Mandacılar Atatürkçü ve ulusalcı olabilir mi?
Referandum sonuçları üzerinden “Avrupa” merkezli bir gerilim ve çatışma politikası izleniyor. Avrupa istiyor ki Türkiye’de istikrar olmasın… Türkiye kendi sorunlarını çözerek büyümesin...
Referandum sonuçları üzerinden “Avrupa” merkezli bir gerilim ve çatışma politikası izleniyor.
Avrupa istiyor ki Türkiye’de istikrar olmasın…
Türkiye kendi sorunlarını çözerek büyümesin, güçlenmesin…
Avrupa; kendi ayakları üzerinde duran, en önemlisi de kendi beyniyle kendisini yöneten bir Türkiye olsun istemiyor.
O yüzden Türkiye’ye diz çöktürmeye çalışıyor.
Bakmayın siz Avrupa’nın “demokrasi ve özgürlük” dediğine.
Avrupa, Türkiye’nin tıpkı kendisi gibi veya kendi ayarında bir demokrasiye sahip olması derdinde hiç değil.
Başka bir deyişle, zannediliyor ki; Türkiye tıpkı Avrupa gibi olsa, Avrupa Türkiye’yi çok sevecek.
Zinhar doğru değil bu…
İşin doğrusu sevgili Haşmet Babaoğlu’nun dediği gibi; “Avrupa kendisi gibi olan bir Türkiye olsun istemiyor, kendisine boyun eğen bir Türkiye olsun istiyor.

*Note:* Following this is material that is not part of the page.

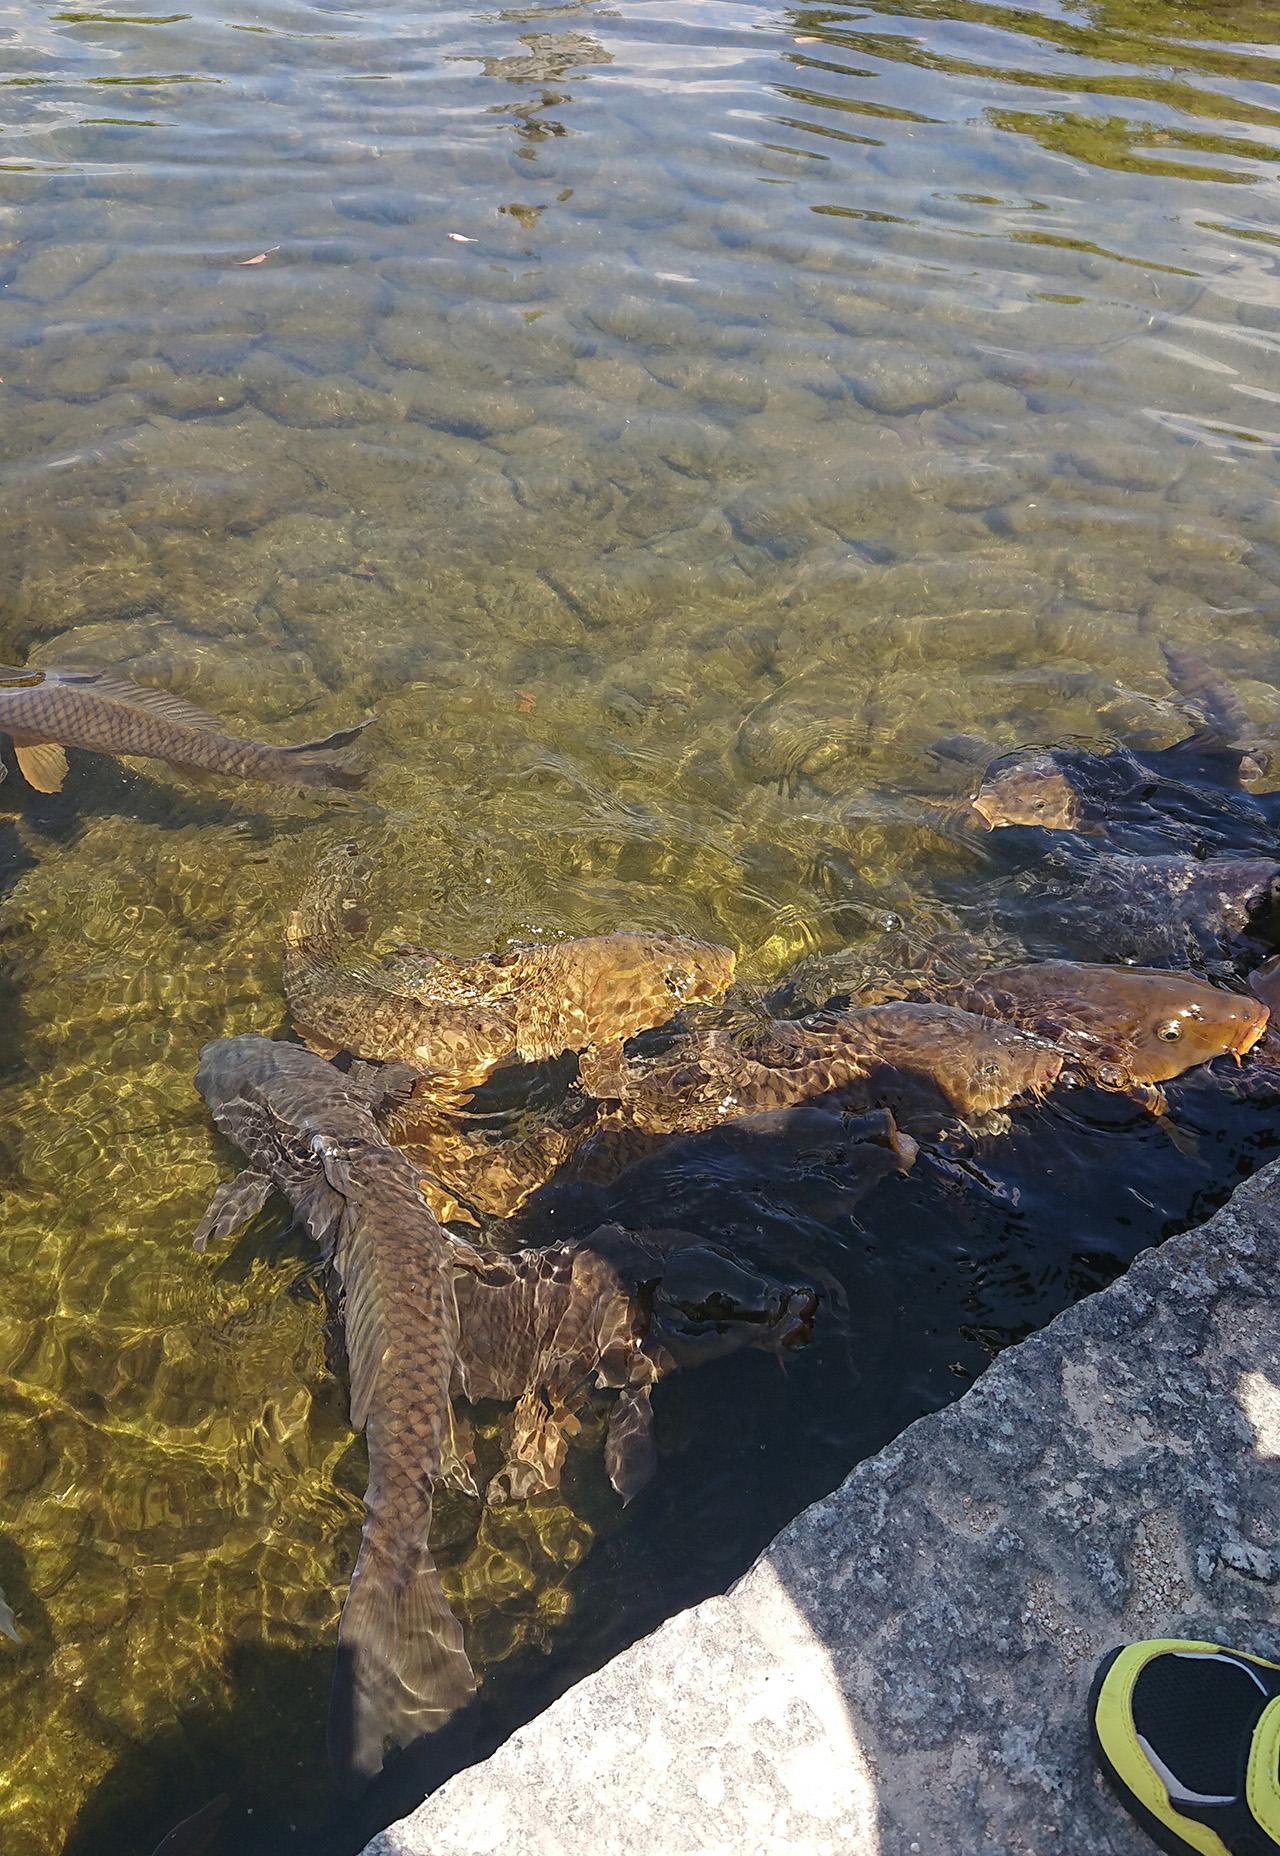 池の中で泳いでいる鯉の写真
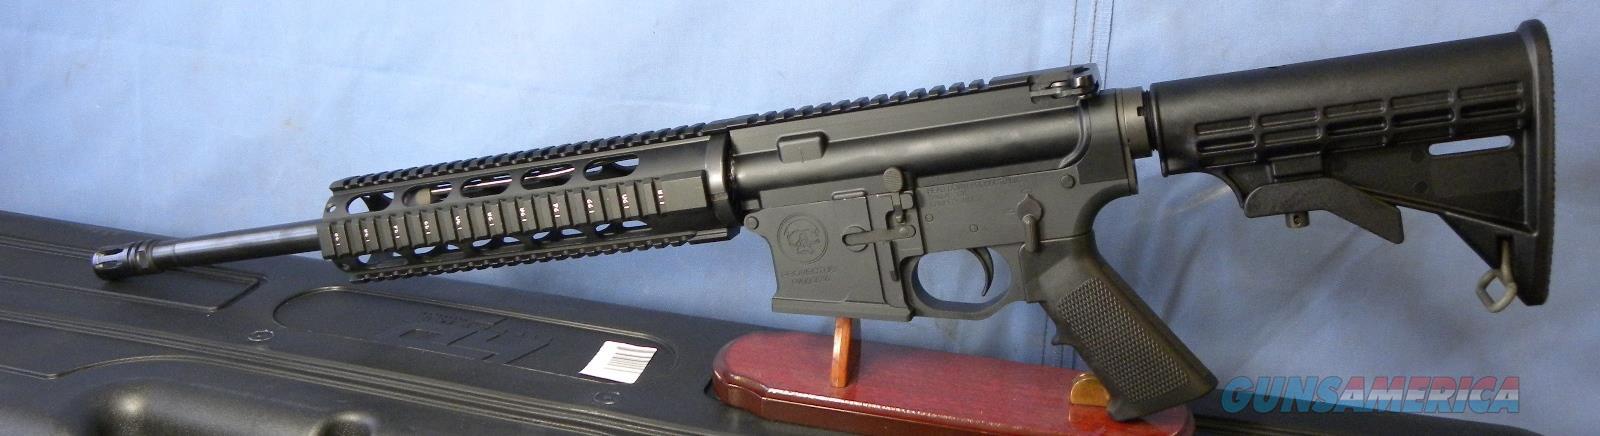 HDP Triton 10 M4A3  Guns > Rifles > AR-15 Rifles - Small Manufacturers > Complete Rifle

Bir dediğini iki etmeyen bir Türkiye olsun istiyor.”
İçimizdeki Avrupa-perestlerin veya Mankurtların “AB’den uzaklaşıyoruz, bu yüzden Avrupa tepkili!” lafları, Avrupa’da imal edilmiş bir operasyonun söylemi niteliğinde.
Avrupa, sadece ve yalnızca kendi çıkarlarıyla ilgili…
“Demokrasi ve özgürlük” söylemi, Avrupa’nın kendi çıkarları için kullandığı bir araçtan ibaret.
Durum böyle olmasaydı, Esed ve Sisi diktatöründen rahatsızlık duyarlardı.
Her iki eli kanlı diktatörün devrilmesi için çaba sarf ederlerdi.
Tam tersi… Her iki diktatörün arkasında durdular, duruyorlar…
Onların yıkılması halinde sandıktan çıkacak milli güçlerin iktidarından duydukları rahatsızlık dolayısıyla diktatoryal rejimleri gözlerimizin içine baka baka destekliyorlar.
Sonra da utanmadan-sıkılmadan kalkıp Türkiye’ye demokrasi üzerinden ayar vermeye çalışıyorlar.
Türkiye’de “evet”le birlikte diktatoryal bir rejimin inşa edileceği algısı üzerinden ülkemizi toplumsal düzeyde bölüp, parçalamaya ve içimizde bir çatışma atmosferi çıkartarak zayıflatmaya çalışıyorlar.
Sonuçta kendi emrine râm olan, zayıf ve güçsüz bir Türkiye olsun istiyorlar.
Avrupa’nın Türkiye düşmanı terör örgütlerine alenen arka çıkması yetmiyormuş gibi bizzat “hayır” cephesinin başını çekmesi, referandum sonrasında da AİHM’i adres göstererek bir kaos senaryosunu devreye almak istemesi ziyadesiyle düşündürücüdür.
Daha da düşündürücü olan ise, içerideki kimi unsurların Avrupa’nın bu oyununda birer figüran olarak kendilerini konumlandırmalarıdır.
17 Nisan’da Türkiye’nin ayak bağlarından kurtularak yükselişe geçeceğini bilen malum güçler, şimdi Türkiye’nin ayağını başkaca hilelerle çelmelemeye çalışıyorlar.
Kim ki sokağa çağrı yapıyorsa, kim ki Avrupa’nın AİHM gibi kurumlarından medet umuyorsa, biliniz ki onlar Avrupa’nın dümen suyunda hareket eden unsurlardır.